Species of gastropod

Helcion concolor known by the common name variable limpet, is a species of sea snail, a marine gastropod mollusk in the family Patellidae, one of the families of true limpets.

==Taxonomy==
The species was first described in 1848 by the German scientist Christian Ferdinand Friedrich Krauss (as Patella concolor).

==Distribution==
H. concolor occurs in the Indian Ocean off of Mozambique and South Africa, where the water typically ranges between 20-25°C (68-77°F)

==Description==
H. concolor typically ranges between 30 mm and 60 mm. Coloration varies widely; individual shells may be white, yellow, russet, or black and may feature spots or rays of various widths. Coloration does not appear to vary with distribution or zonation.
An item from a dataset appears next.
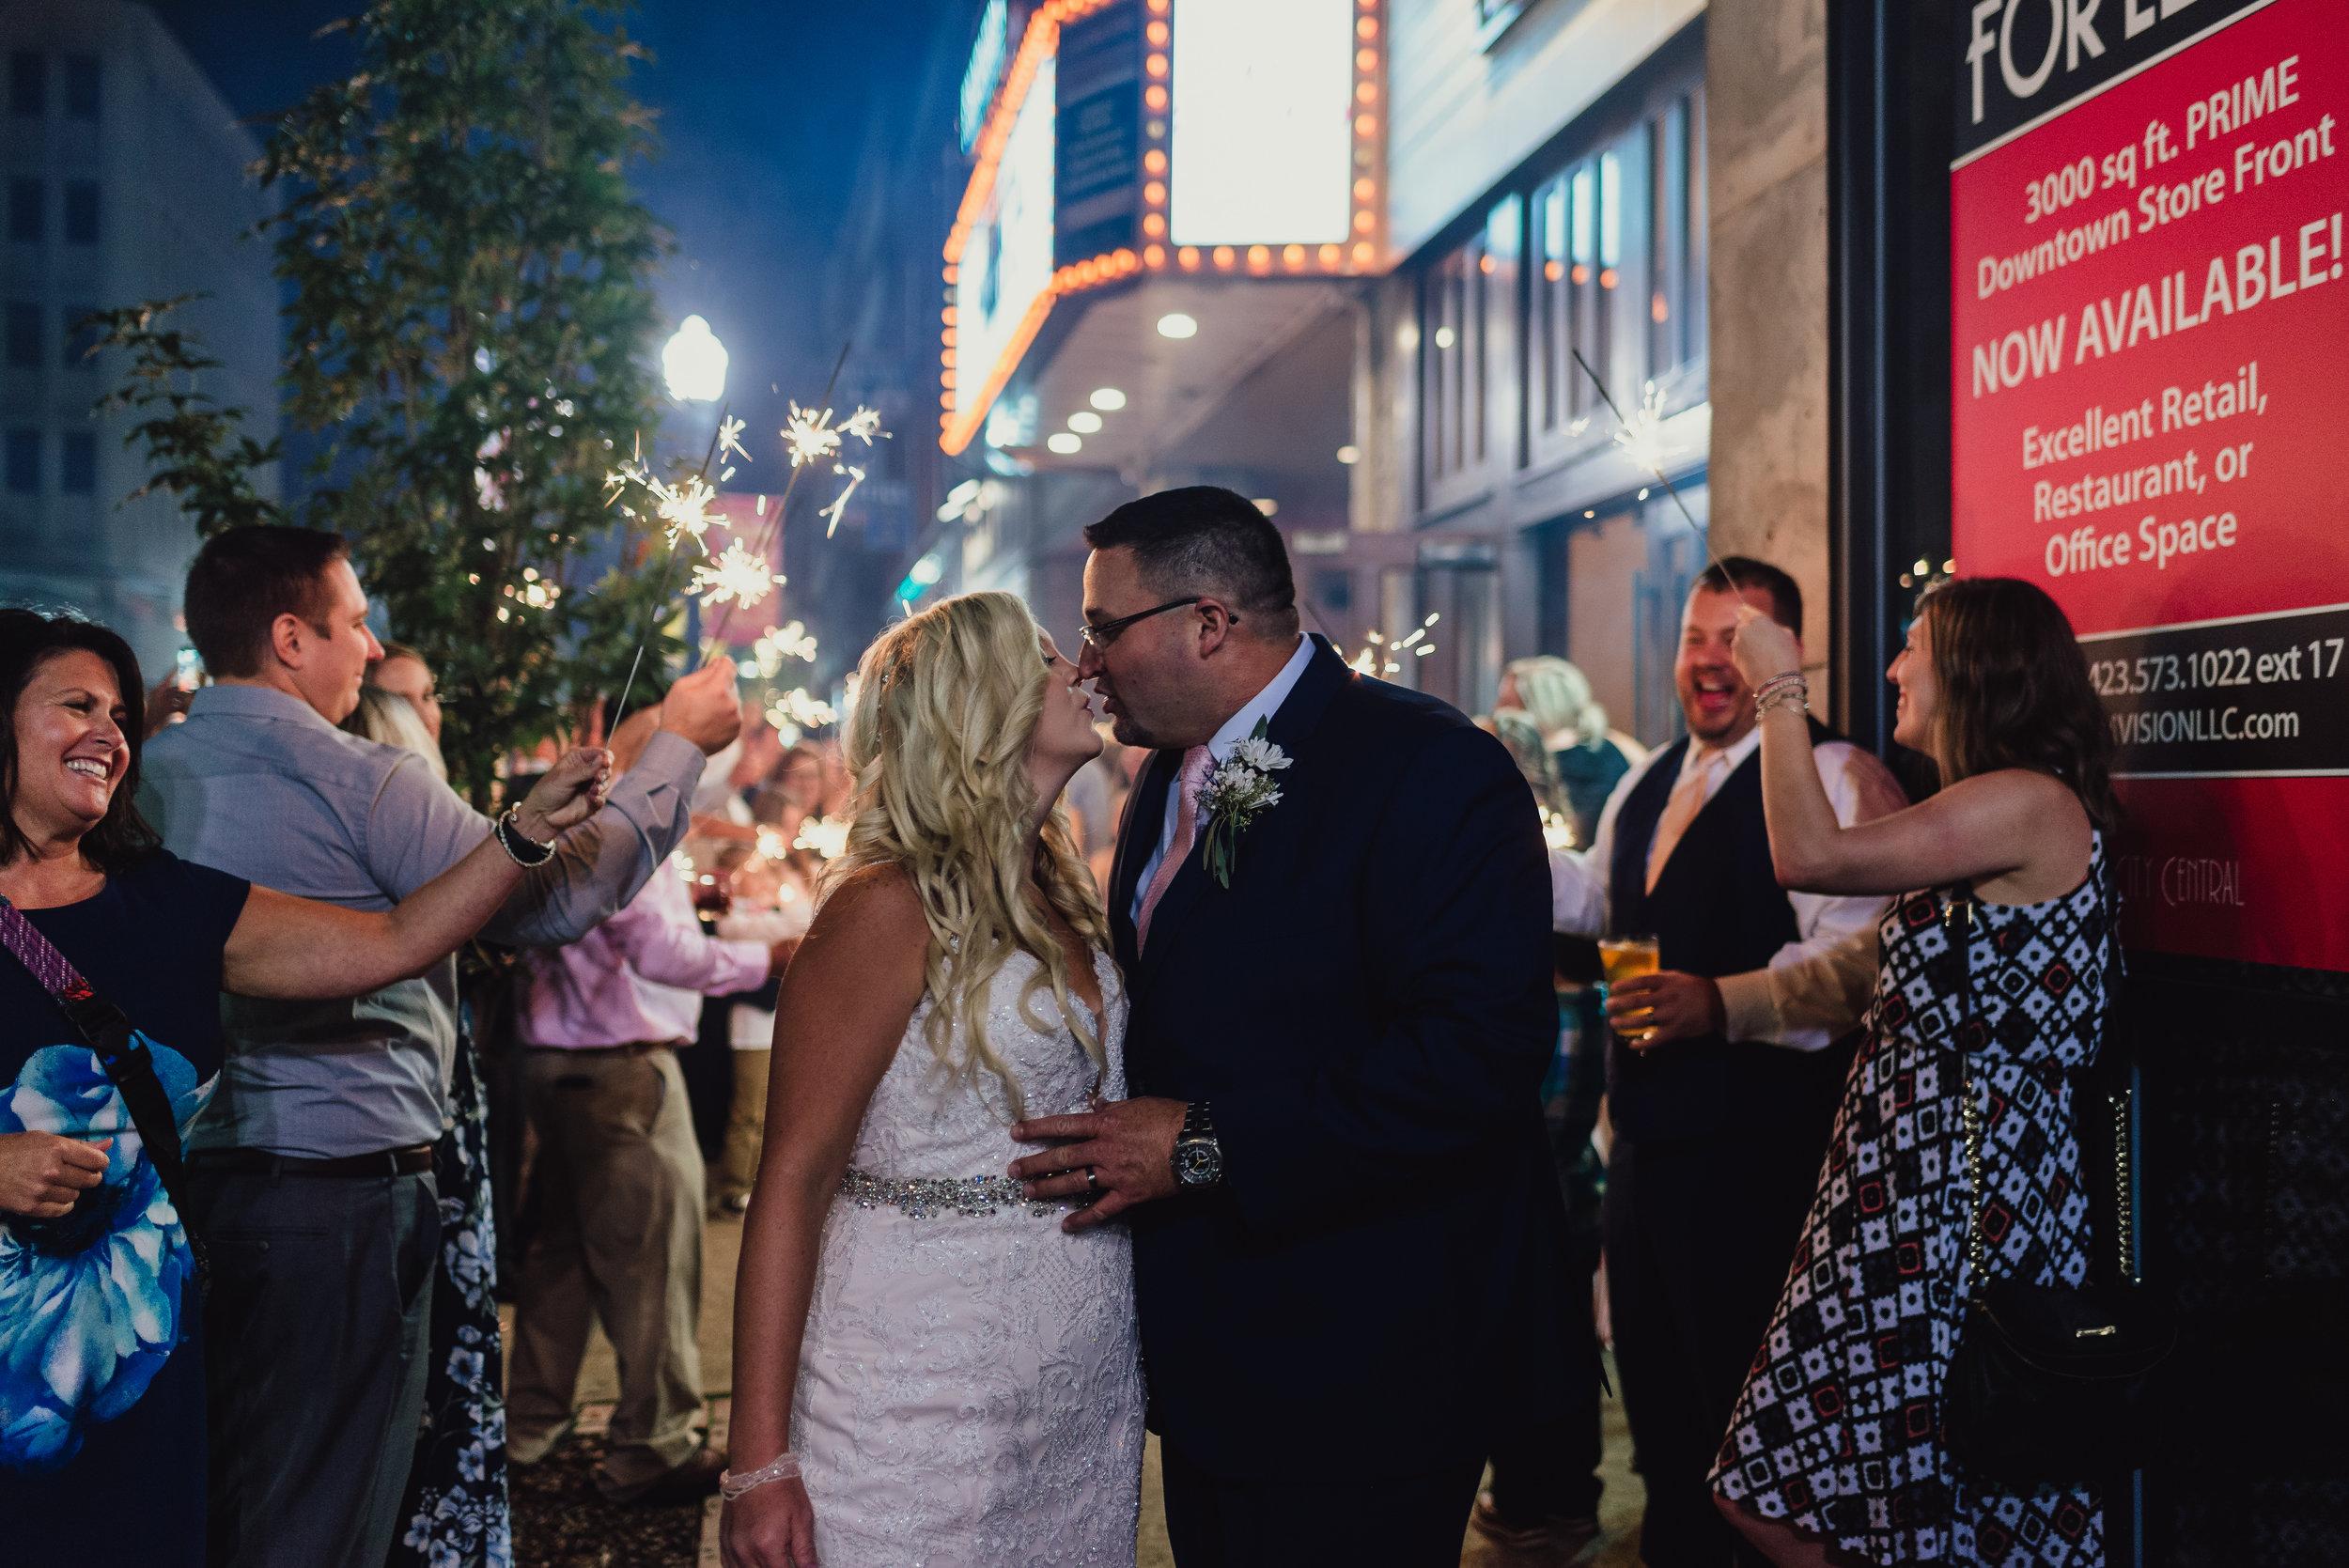 east-tn-wedding-photographer-tennessee-elopement-photographer-kingsport-tn-wedding-photographer (846 of 1001).jpg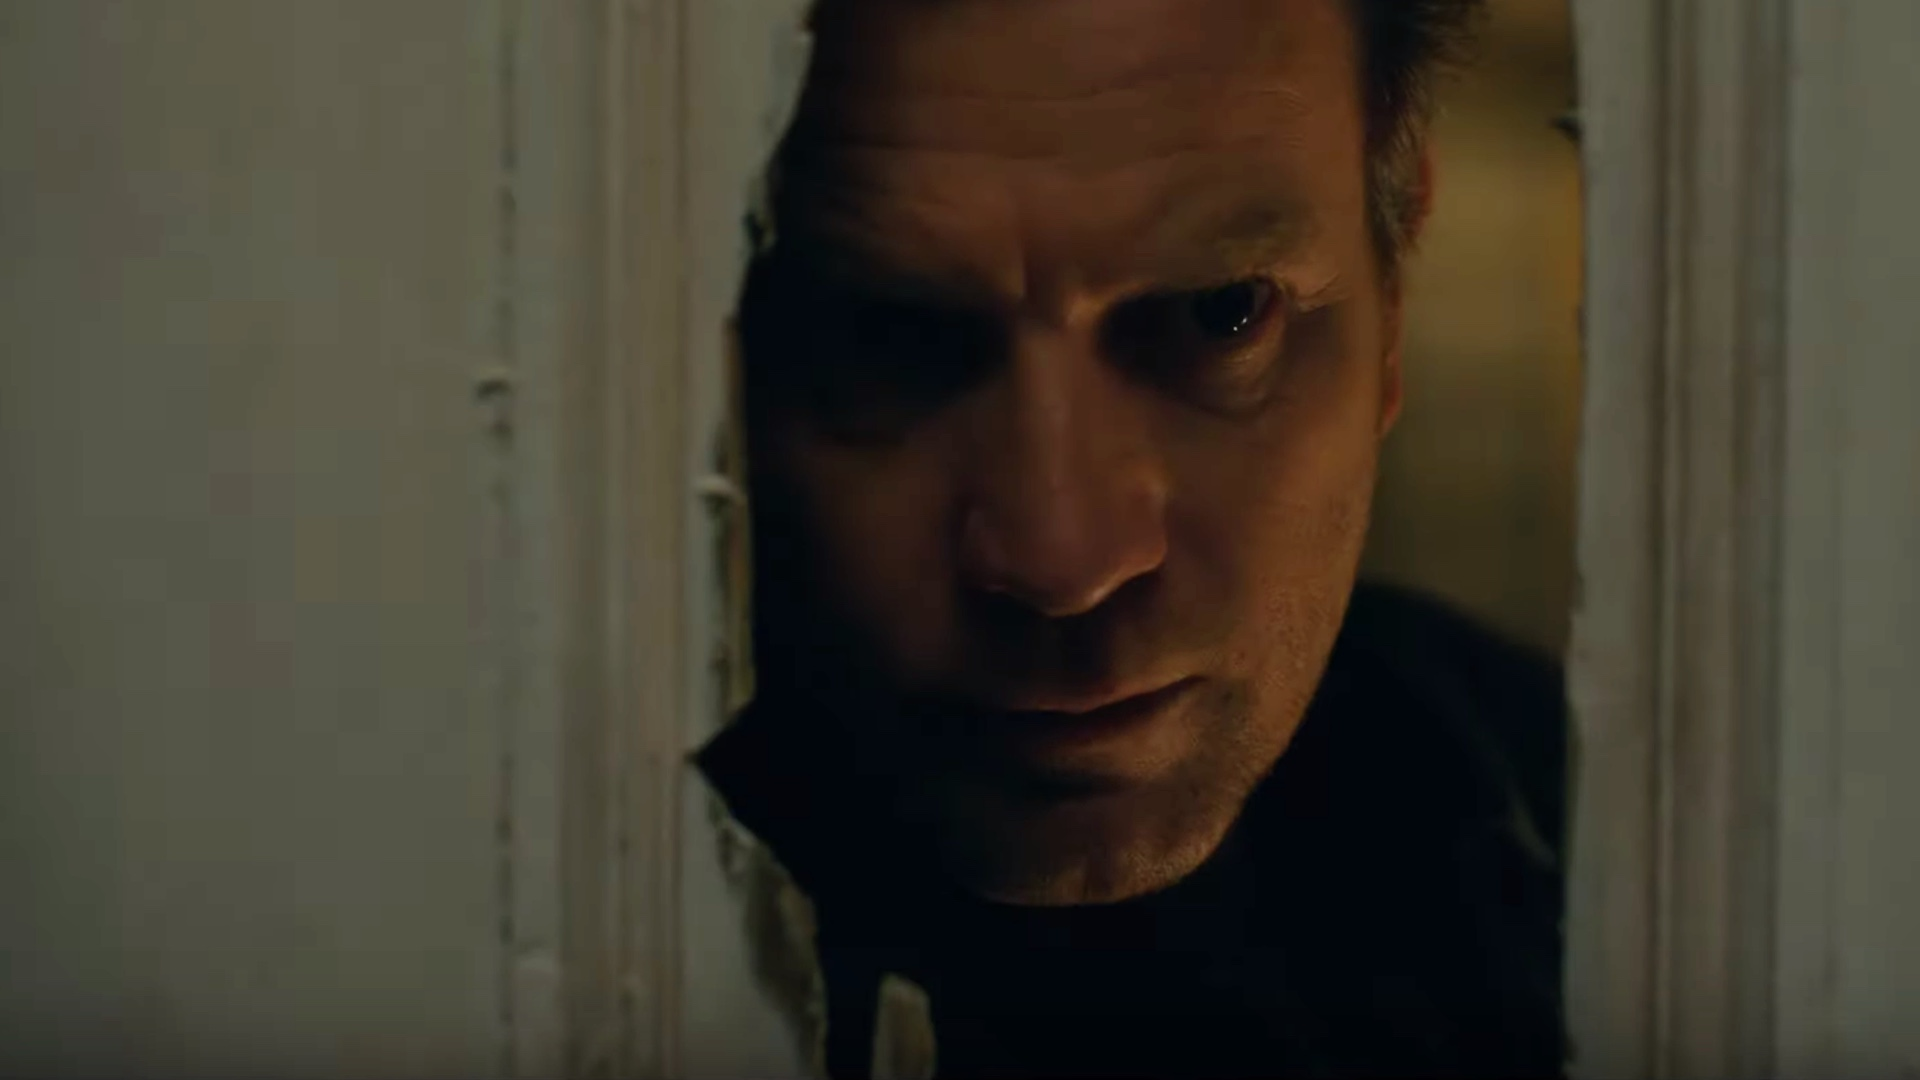 Dr. Sleep: Erster Trailer zur Verfilmung zu Stephen King's 'The Shining' Fortsetzung

The cusps of the radula teeth are sharply pointed.
| Dorsal view. | Ventral view. |
==Behavior and Ecology==
In a 1975 paper, South African cnidariologist George Branch noted a tendency for larger individuals to migrate further upshore and space out further than their smaller counterparts. Larger individuals (over 35mm) were noted to return to a "home scar" after feeding with the majority of studied specimens remaining in or returning to the same scar over a 10-day observation period. Smaller individuals (under 20mm) did not have a fixed scar but tended to return to a general area when not feeding.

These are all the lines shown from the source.